15.10 - Primary Indexes - Teradata Database

Teradata Database SQL Fundamentals

Product
Teradata Database
Release Number
15.10
Language
English (United States)
Last Update
2018-10-06

The primary index for a table controls the distribution and retrieval of the data for that table across the AMPs. Both distribution and retrieval of the data is controlled using the Teradata Database hashing algorithm (see “Row Hash and RowID” on page 28).

If the primary index is defined as a partitioned primary index (PPI), the data is partitioned, based on some set of columns, on each AMP, and ordered by the hash of the primary index columns within the partition.
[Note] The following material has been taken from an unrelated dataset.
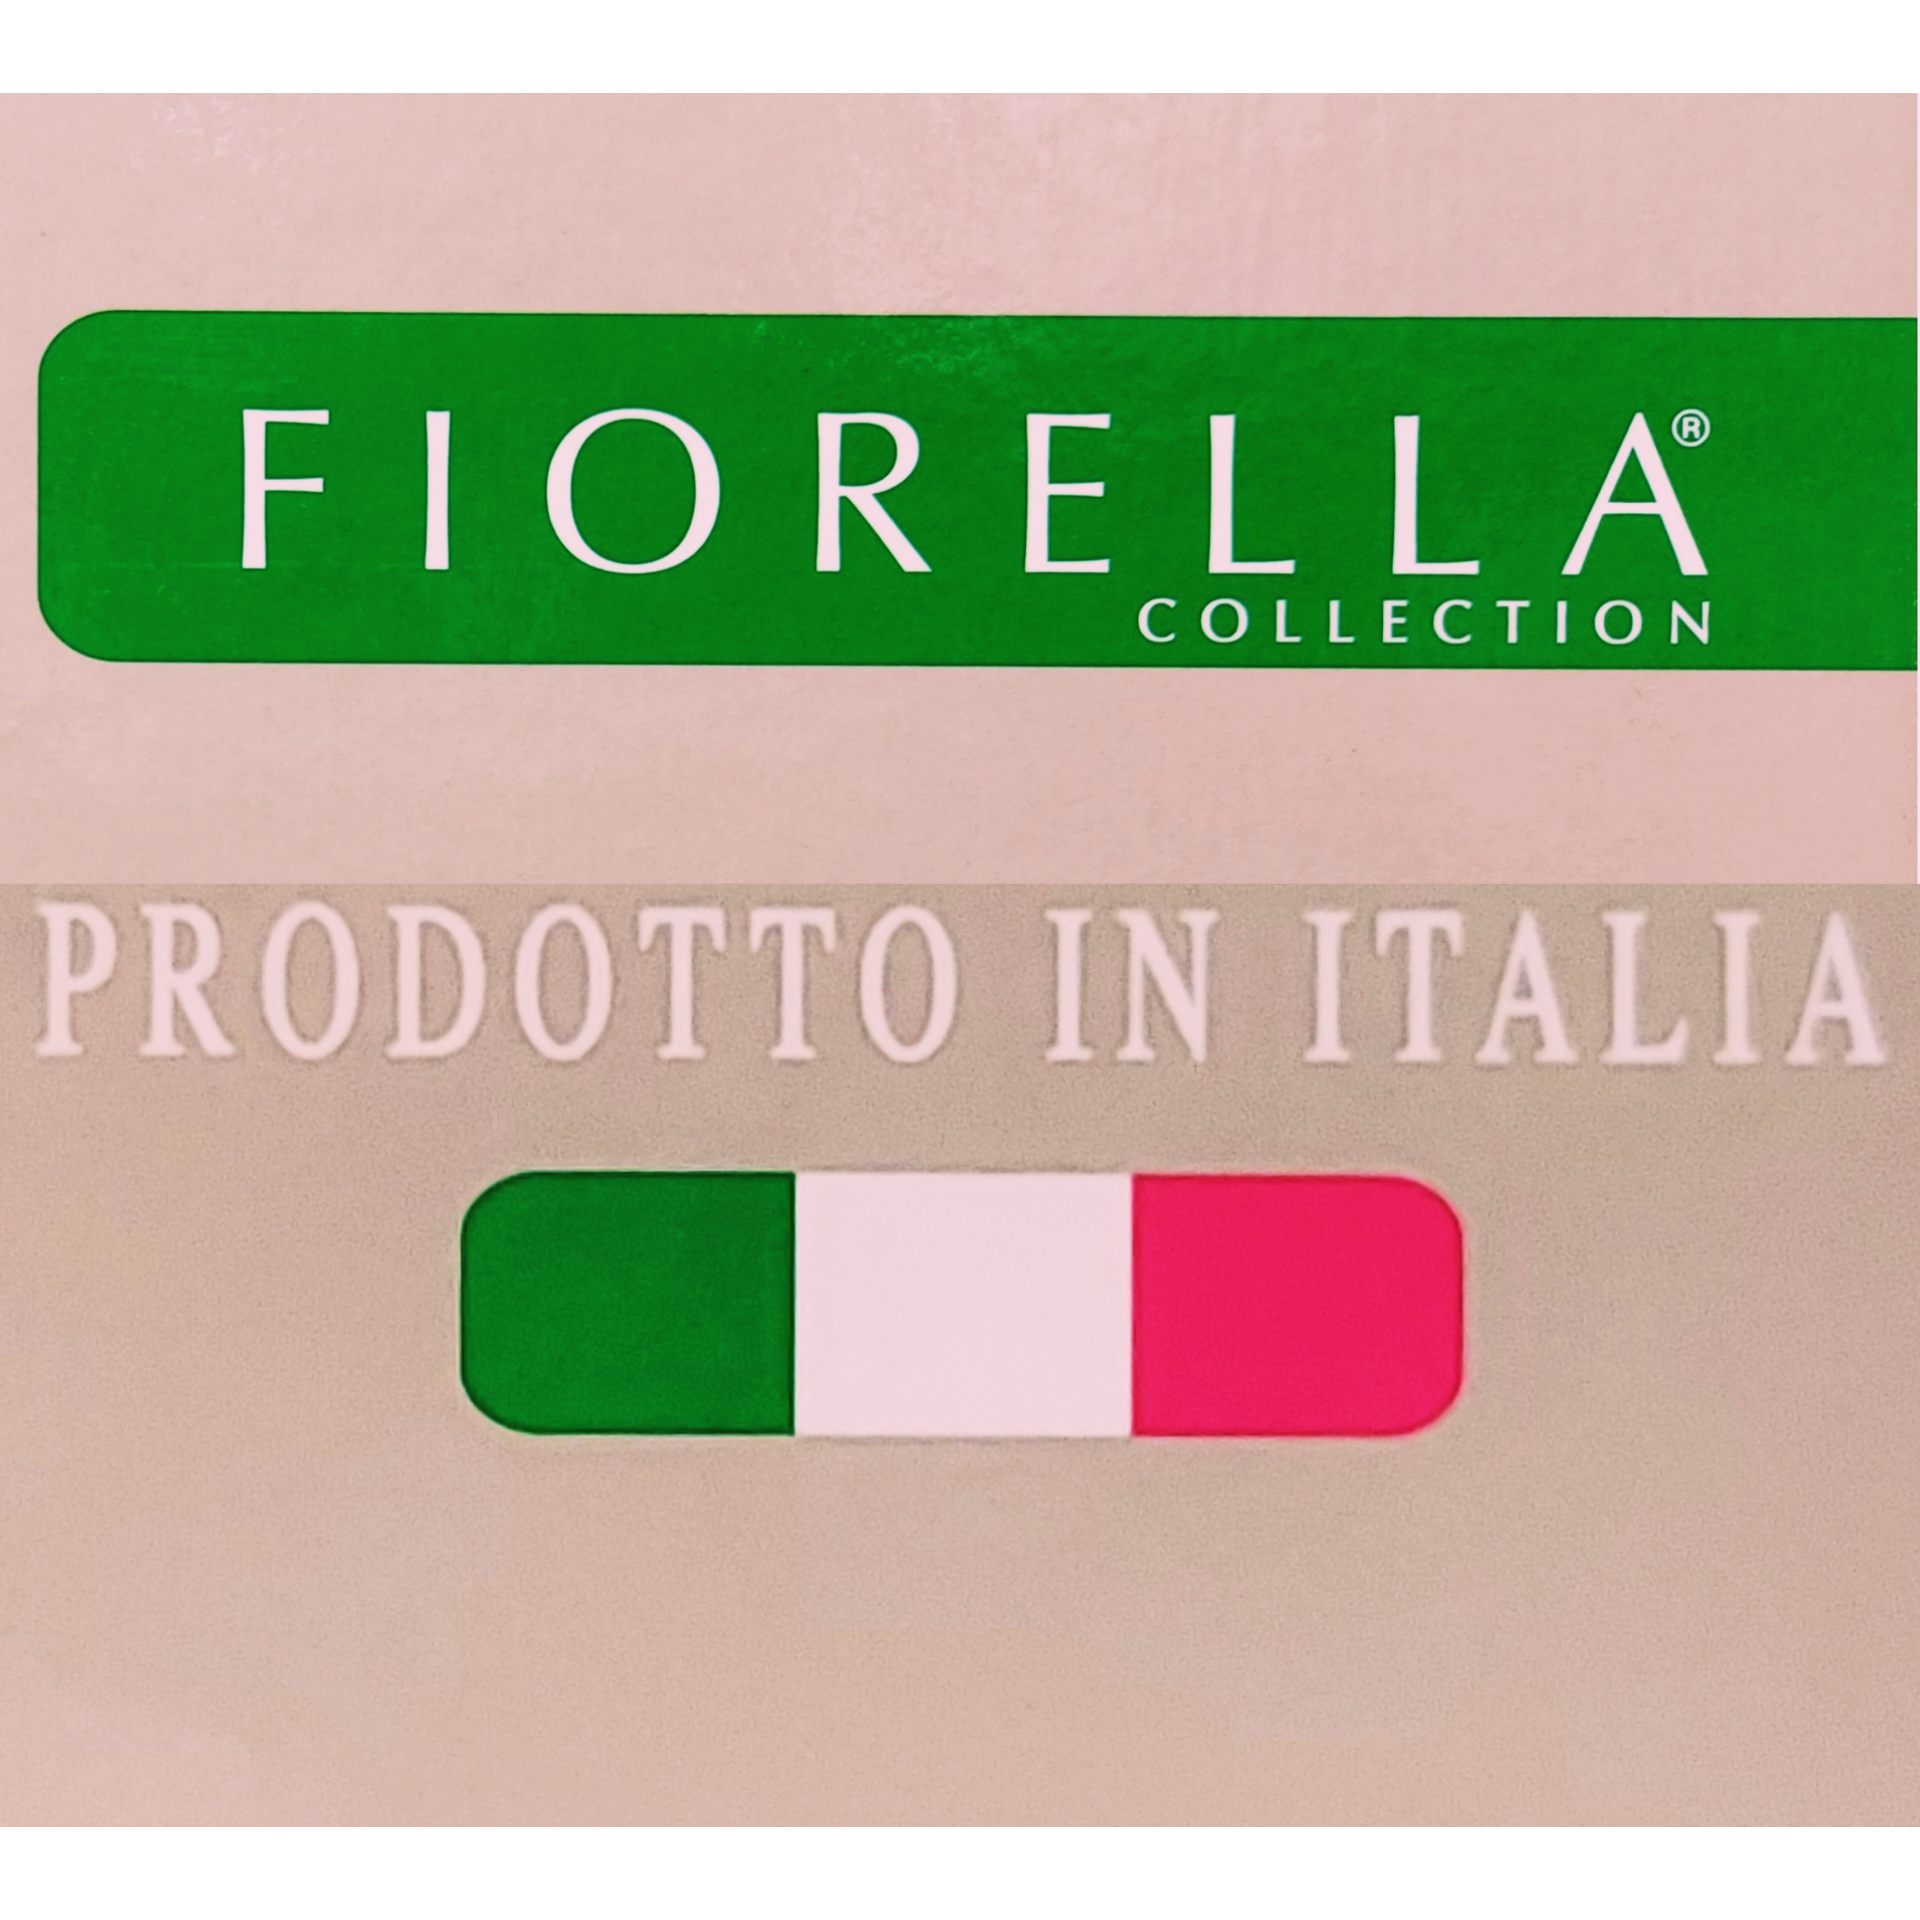 Fiorella Collection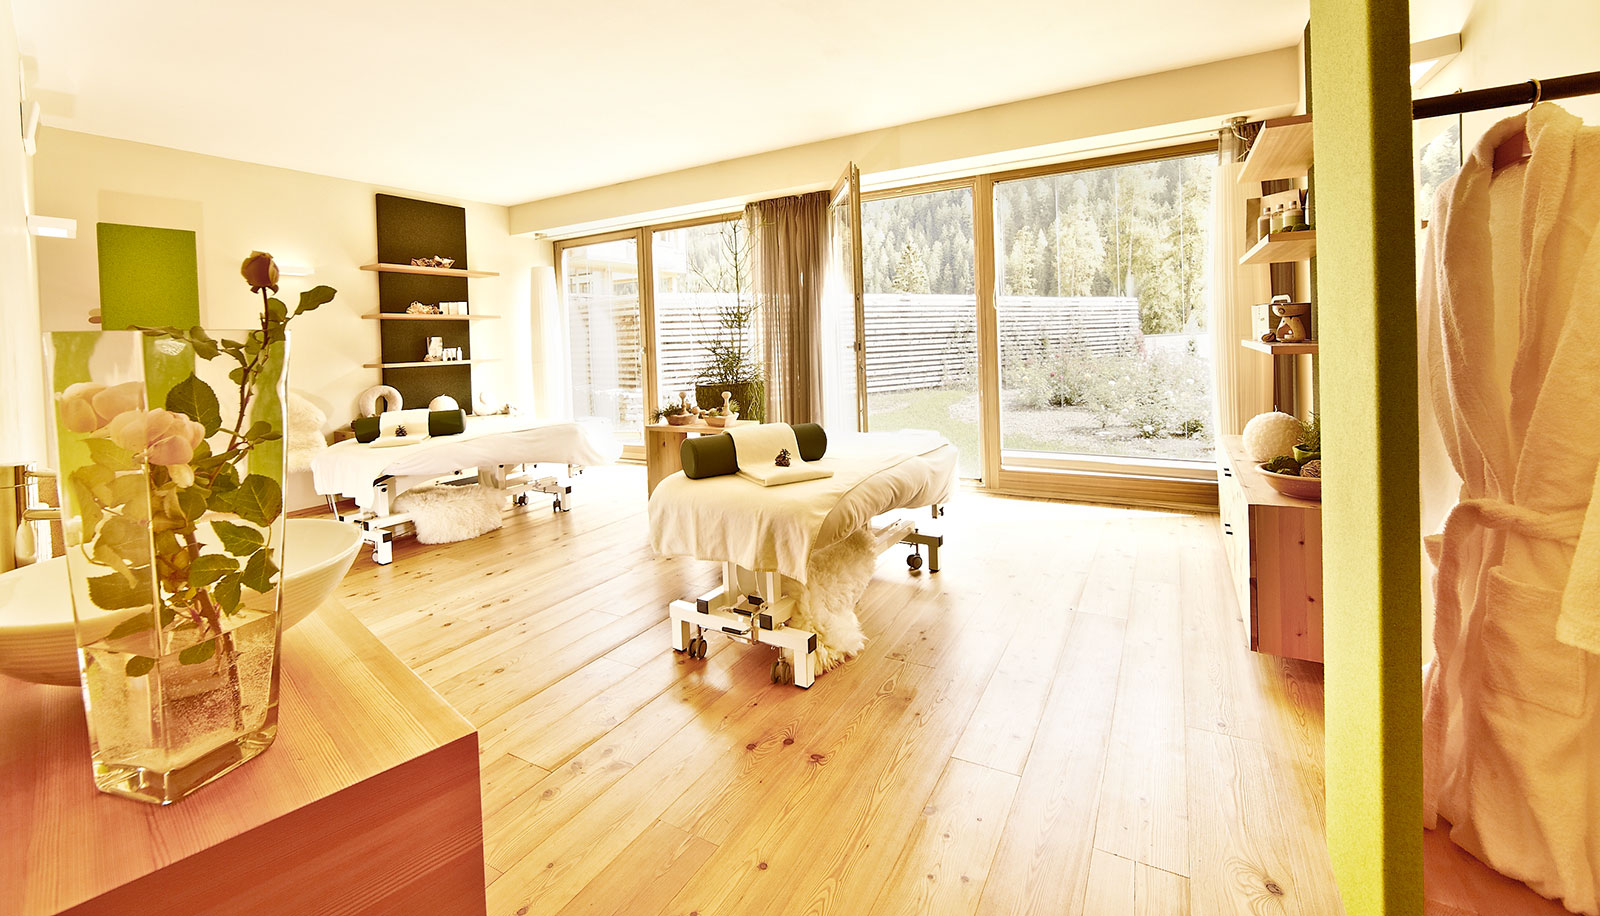 Stanza trattamenti dell'hotel Arosea in Val d'Ultimo con lettino per massaggi, pavimento in legno e vista sul giardino

Data accessed based on a primary index is always a one-AMP operation because a row and its index are stored on the same AMP. This is true whether the primary index is unique or nonunique, and whether it is partitioned or nonpartitioned.

In general, most Teradata Database tables require a primary index. (Some tables in the Data Dictionary do not have primary indexes and a global temporary trace table is not allowed to have a primary index.) To create a primary index, use the CREATE TABLE statement.

If you do not assign a primary index explicitly when you create a table, Teradata Database assigns a primary index, based on the following rules.

 

Primary Index

Primary
Key

Unique Column Constraint

Teradata Database selects the …

no

YES

no

primary key column set to be a UPI.

no

no

YES

first column or columns having a UNIQUE constraint to be a UPI.

no

YES

YES

primary key column set to be a UPI.

no

no

no

first column defined for the table to be a NUPI.

If the data type of the first column in the table is a LOB, then the CREATE TABLE operation aborts and the system returns an error message.

In general, the best practice is to specify a primary index instead of having Teradata Database select a default primary index.

When choosing the primary index for a table, there are two essential factors to keep in mind: uniform distribution of the data and optimal access.

With respect to uniform data distribution, consider the following factors:

  • The more distinct the primary index values, the better.
  • Rows having the same primary index value are distributed to the same AMP.
  • Parallel processing is more efficient when table rows are distributed evenly across the AMPs.
  • With respect to optimal data access, consider the following factors:

  • Choose the primary index on the most frequently used access path.
  • For example:

  • If rows are generally accessed by a range query, consider defining a PPI on the table that creates a useful set of partitions.
  • If the table is frequently joined with a specific set of tables, consider defining the primary index on the column set that is typically used as the join condition.
  • Primary index operations must provide the full primary index value.
  • Primary index retrievals on a single value are always one-AMP operations.
  • Although it is true that the columns you choose to be the primary index for a table are often the same columns that define the primary key, it is also true that primary indexes often comprise fields that are neither unique nor components of the primary key for the table.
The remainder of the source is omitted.